Pandas every nth row
There is an even simpler solution to the accepted answer that involves directly invoking df.__getitem__.
df = pd.DataFrame('x', index=range(5), columns=list('abc'))
df
a b c
0 x x x
1 x x x
2 x x x
3 x x x
4 x x x
For example, to get every 2 rows, you can do
df[::2]
a b c
0 x x x
2 x x x
4 x x x
There's also GroupBy.first/GroupBy.head, you group on the index:
df.index // 2
# Int64Index([0, 0, 1, 1, 2], dtype='int64')
df.groupby(df.index // 2).first()
# Alternatively,
# df.groupby(df.index // 2).head(1)
a b c
0 x x x
1 x x x
2 x x x
The index is floor-divved by the stride (2, in this case). If the index is non-numeric, instead do
# df.groupby(np.arange(len(df)) // 2).first()
df.groupby(pd.RangeIndex(len(df)) // 2).first()
a b c
0 x x x
1 x x x
2 x x x
I'd use iloc, which takes a row/column slice, both based on integer position and following normal python syntax.

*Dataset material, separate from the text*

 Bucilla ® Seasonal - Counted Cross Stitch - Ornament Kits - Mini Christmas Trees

If you want every 5th row:
df.iloc[::5, :]
Adding reset_index() to metastableB's answer allows you to only need to assume that the rows are ordered and consecutive.

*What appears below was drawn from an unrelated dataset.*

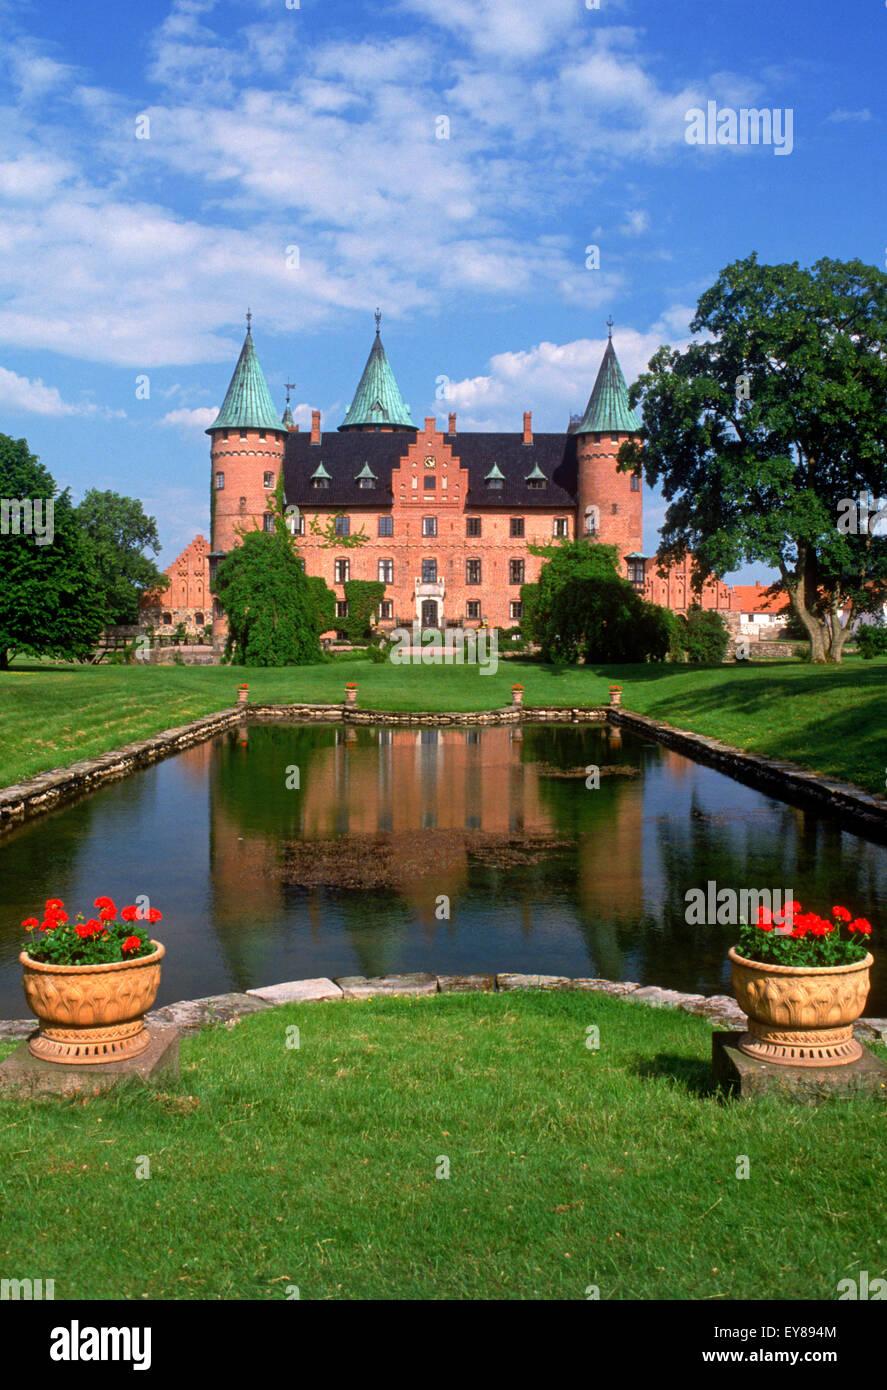 Private estate Renaissance castle of Trolleholm (Trolleholms slott) in province of Skane in southern Sweden - Stock Image

df1 = df[df.reset_index().index % 3 != 0] # Excludes every 3rd row starting from 0
df2 = df[df.reset_index().index % 3 == 0] # Selects every 3rd row starting from 0
df.reset_index().index will create an index that starts at 0 and increments by 1, allowing you to use the modulo easily.
Though @chrisb's accepted answer does answer the question, I would like to add to it the following.
A simple method I use to get the nth data or drop the nth row is the following:
df1 = df[df.index % 3 != 0] # Excludes every 3rd row starting from 0
df2 = df[df.index % 3 == 0] # Selects every 3rd raw starting from 0
This arithmetic based sampling has the ability to enable even more complex row-selections.
This assumes, of course, that you have an index column of ordered, consecutive, integers starting at 0.